Mr. Lusk asserts that he wanted the entrapment defense presented to the jury, as opposed
to the trial court in a pretrial proceeding. Counsel was not, however, required to make frivolous
or futile motions or objections. Johnson v. Cockrell, 306 F.3d 249, 255 (5th Cir. 2002); Koch v.
Puckett, 907 F.2d 524, 527 (5th Cir. 1990). The failure to make meritless objections does not
result in the ineffective assistance of counsel. Clark v. Collins, 19 F.3d 959, 966 (5th Cir. 1994)
(the “[f]ailure to raise meritless objections is not ineffective lawyering; it is the very opposite.”).

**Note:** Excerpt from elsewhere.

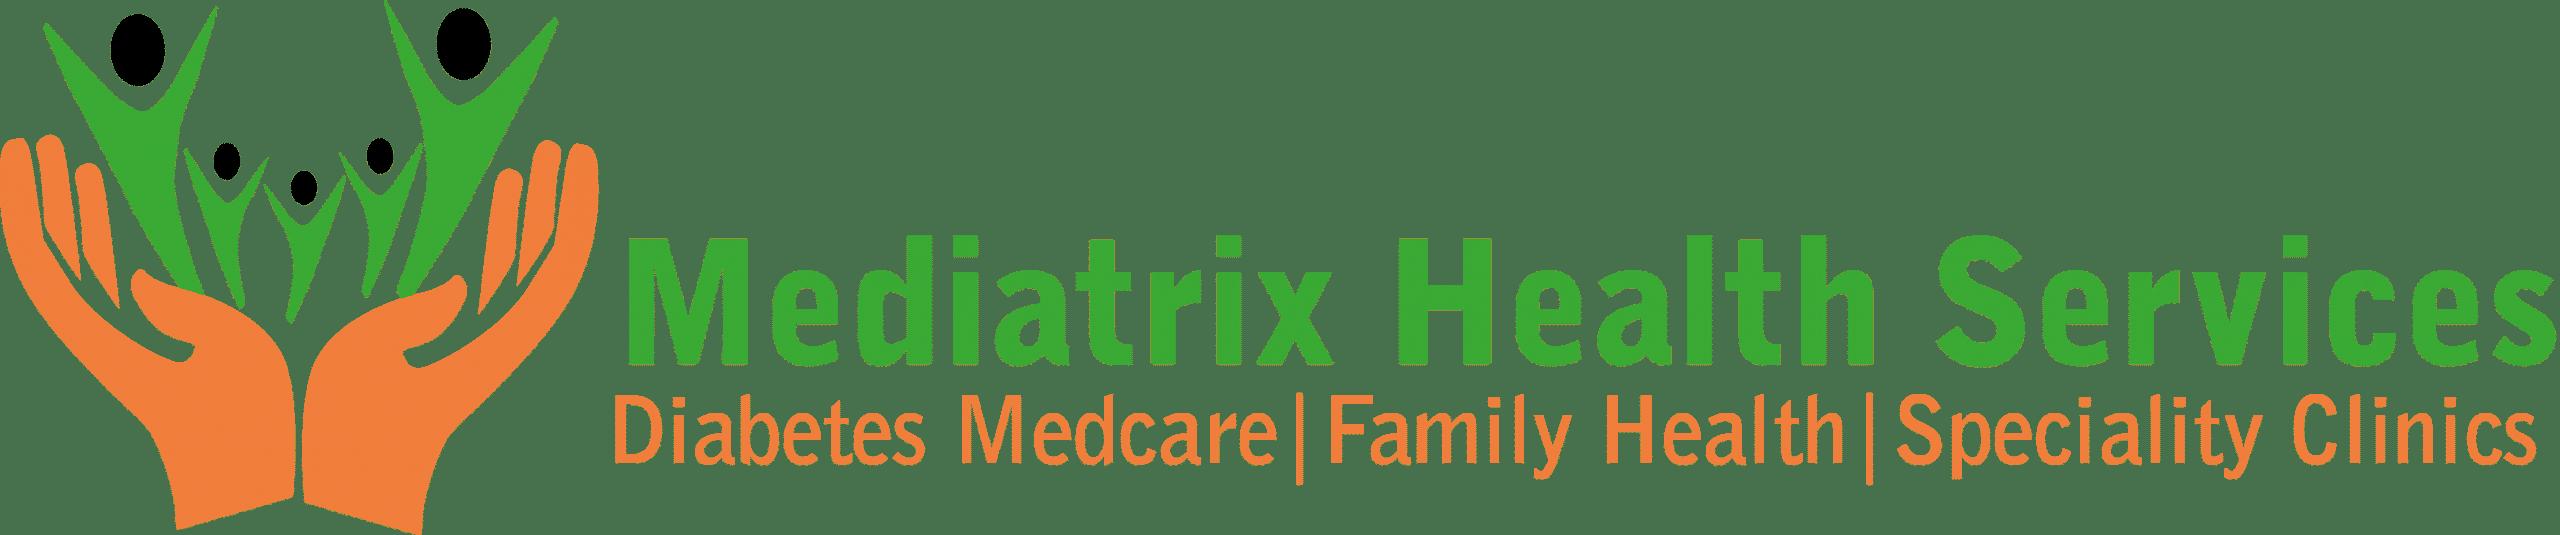 Mediatrix Health Services Final Logo 2 e1582790547729

Mr. Lusk has not shown, as required by 28 U.S.C. § 2254(d), that the State court findings resulted
in a decision that was contrary to, or involved an unreasonable application of, clearly established
federal law as determined by the Supreme Court of the United States, or resulted in a decision that
was based on an unreasonable determination of the facts in light of the evidence presented in the
State court proceedings.
In the context of § 2254(d), the deferential standard that must be accorded to counsel’s
representation must also be considered in tandem with the deference that must be accorded state
court decisions, which has been referred to as “doubly” deferential. Harrington v. Richter, 562
U.S. 86, 105, 131 S. Ct. 770, 788 (2011). “When § 2254(d) applies, the question is not whether
counsel’s actions were reasonable. The question is whether there is any reasonable argument that
counsel satisfied Strickland’s deferential standard.” Id. Mr. Lusk has not satisfied his burden of
overcoming the “doubly” deferential standard that must be accorded to trial counsel.

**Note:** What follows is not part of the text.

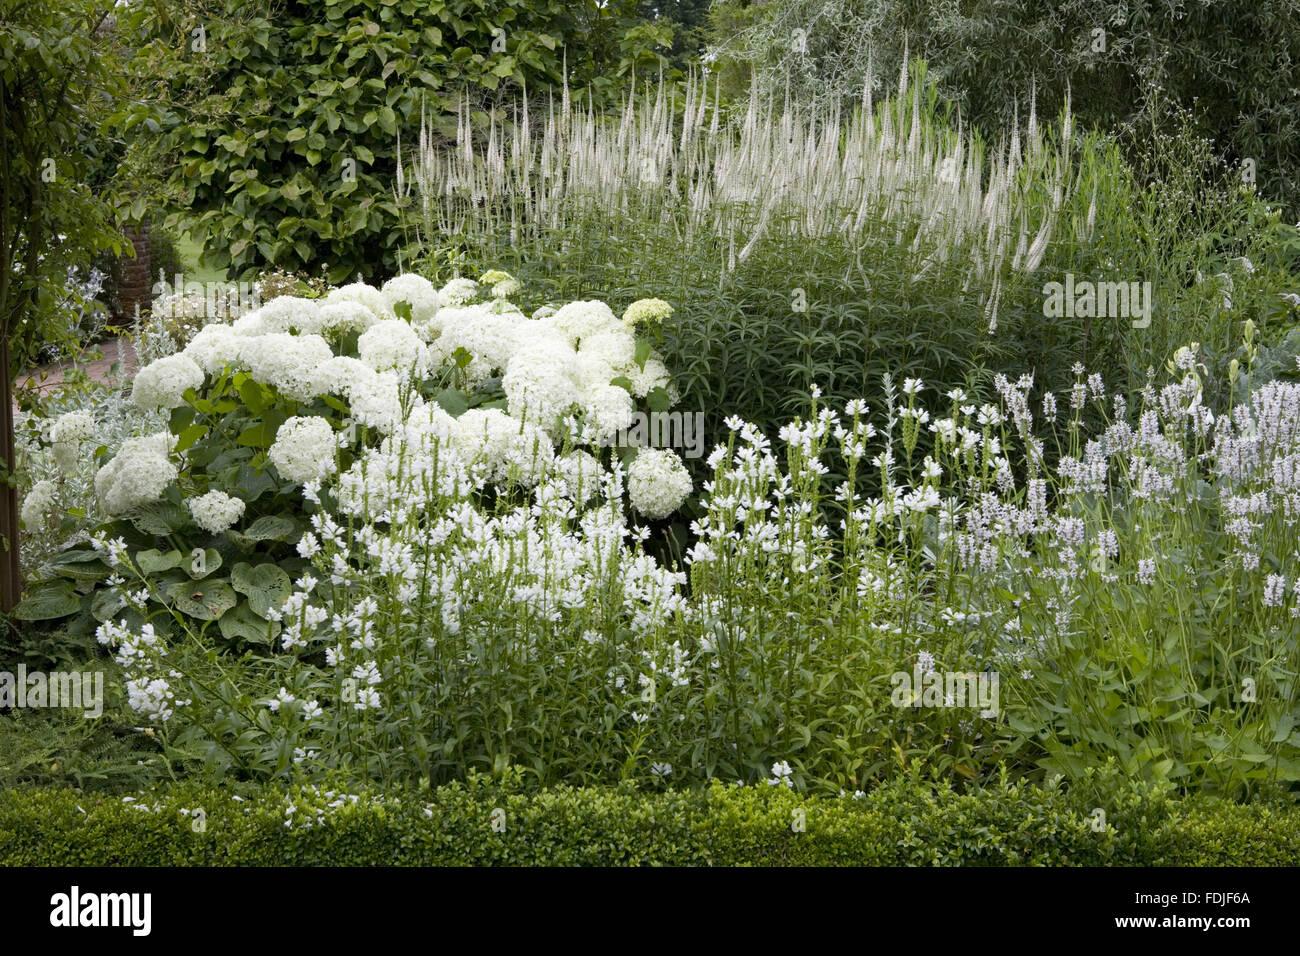 Weißer Garten Sissinghurst physostegia virginiana alba hortensie annabelle und

ineffective assistance of trial counsel claim lacks merit.
The Report of the Magistrate Judge, which contains his proposed findings of fact and
recommendations for the disposition of such action, has been presented for consideration, and
having made a de novo review of the objections raised by Mr. Lusk to the Report, the court is of
the opinion that the findings and conclusions of the Magistrate Judge are correct, and Mr. Lusk’s
objections are without merit. Therefore, the court adopts the findings and conclusions of the
Magistrate Judge as the findings and conclusions of the court. It is accordingly
ORDERED that the petition for a writ of habeas corpus is DENIED and the case is
DISMISSED with prejudice.
A certificate of appealability is DENIED.
previously ruled on are DENIED.
So ORDERED and SIGNED this 16th day of April, 2017.